2.3.2. Anders dan de rechtbank heeft overwogen, vormt de omstandigheid dat het oprichten van de woningen op het zogenoemde Avisterrein in overeenstemming is met het bestemmingsplan "Lintbebouwing Westzaan", terwijl het bouwplan in strijd is met dit bestemmingsplan, een rechtens relevant onderscheid. Van gelijke of rechtens vergelijkbare gevallen is dan ook reeds daarom geen sprake.
2.4. Gelet op het vorenstaande, bestaat geen grond voor het oordeel dat het college niet in redelijkheid heeft kunnen weigeren vrijstelling voor het bouwplan te verlenen. Aan hetgeen het college aanvoert omtrent de voor het verlenen van vrijstelling vereiste verklaring van geen bezwaar wordt derhalve niet toegekomen.
2.5. Het hoger beroep is gegrond. De aangevallen uitspraak dient te worden vernietigd.
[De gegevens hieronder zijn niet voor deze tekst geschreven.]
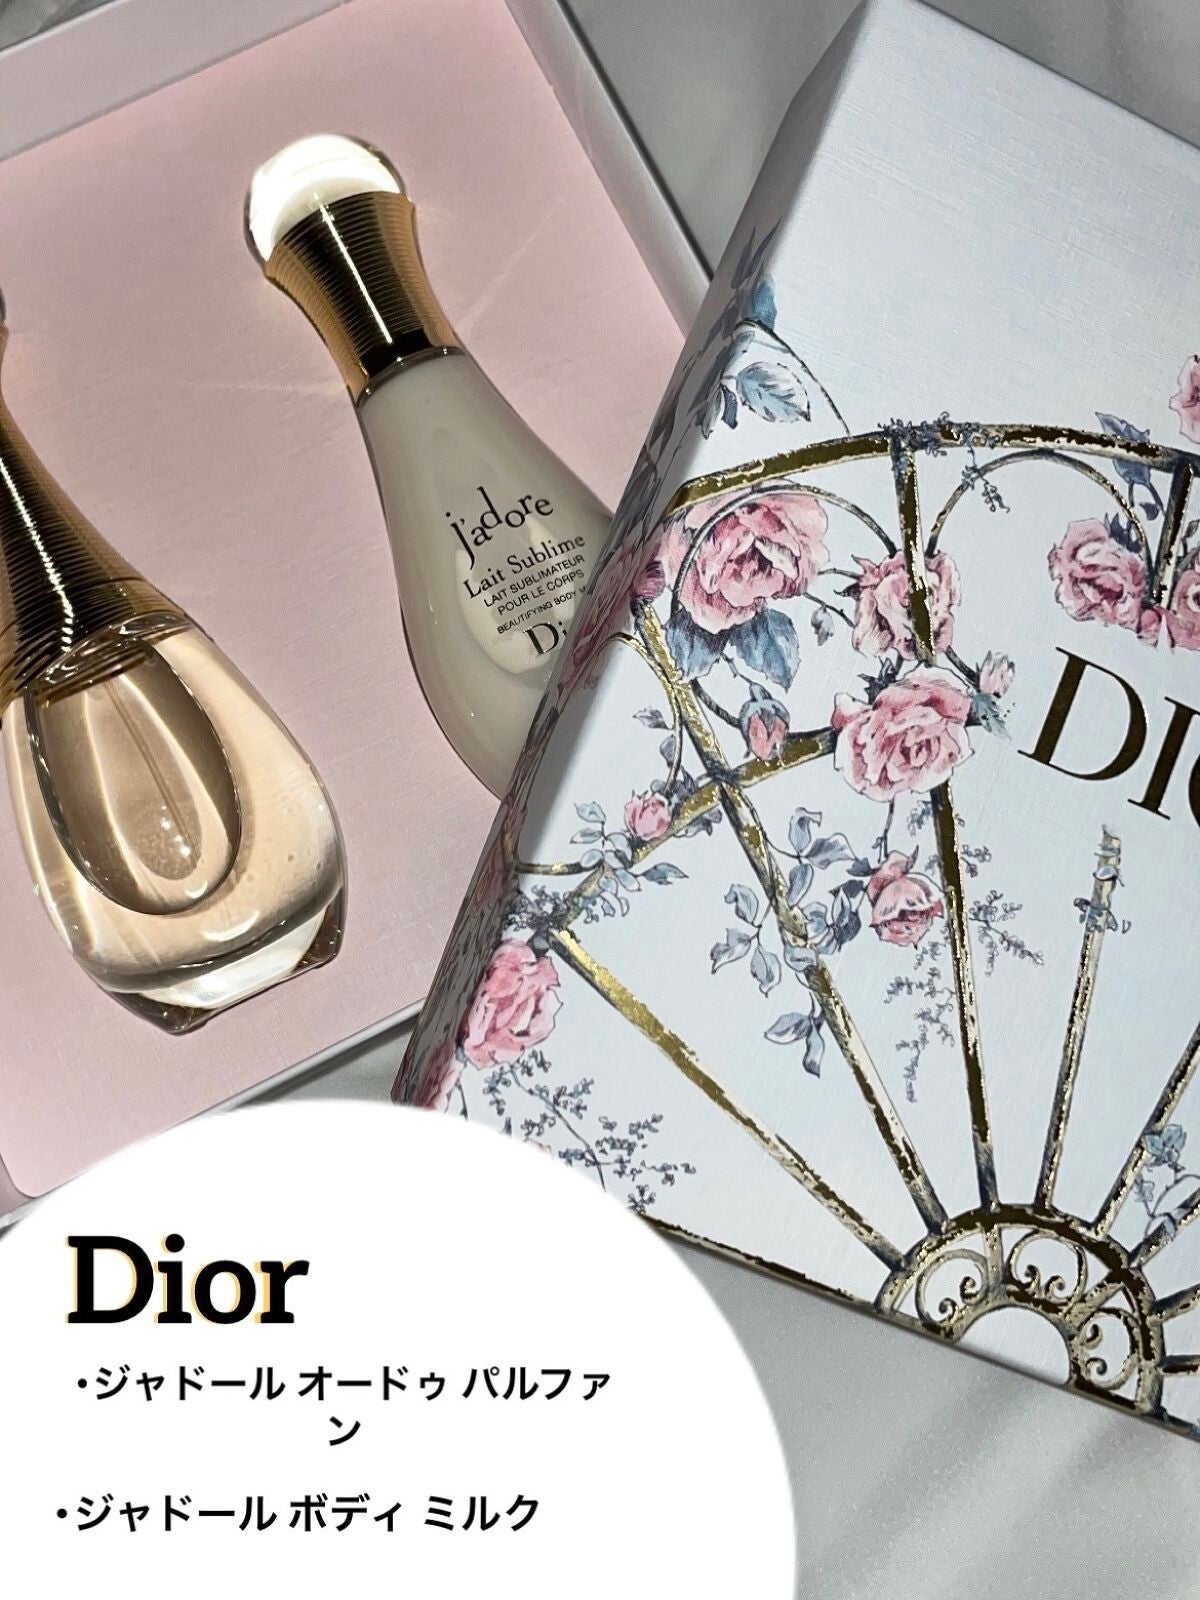 Dior ディオール ジャドール ボディミルク - 乳液・ミルク

Doende hetgeen de rechtbank zou behoren te doen, zal de Afdeling het beroep tegen het besluit van 5 maart 2008 van het college, gelet op het voorgaande, alsnog ongegrond verklaren.
2.6. Voor een proceskostenveroordeling bestaat geen aanleiding.
3. Beslissing
De Afdeling bestuursrechtspraak van de Raad van State
Recht doende in naam der Koningin:
I. verklaart het hoger beroep gegrond;
II. vernietigt de uitspraak van de rechtbank Haarlem van 23 september 2008 in zaak nr. 08-2827;
III. verklaart het bij de rechtbank ingestelde beroep ongegrond.
Aldus vastgesteld door mr. P.A. Offers, lid van de enkelvoudige kamer, in tegenwoordigheid van mr. M.W.J. Sloots, ambtenaar van Staat.
w.g. Offers w.g. Sloots
lid van de enkelvoudige kamer ambtenaar van Staat
Uitgesproken in het openbaar op 20 mei 2009
499.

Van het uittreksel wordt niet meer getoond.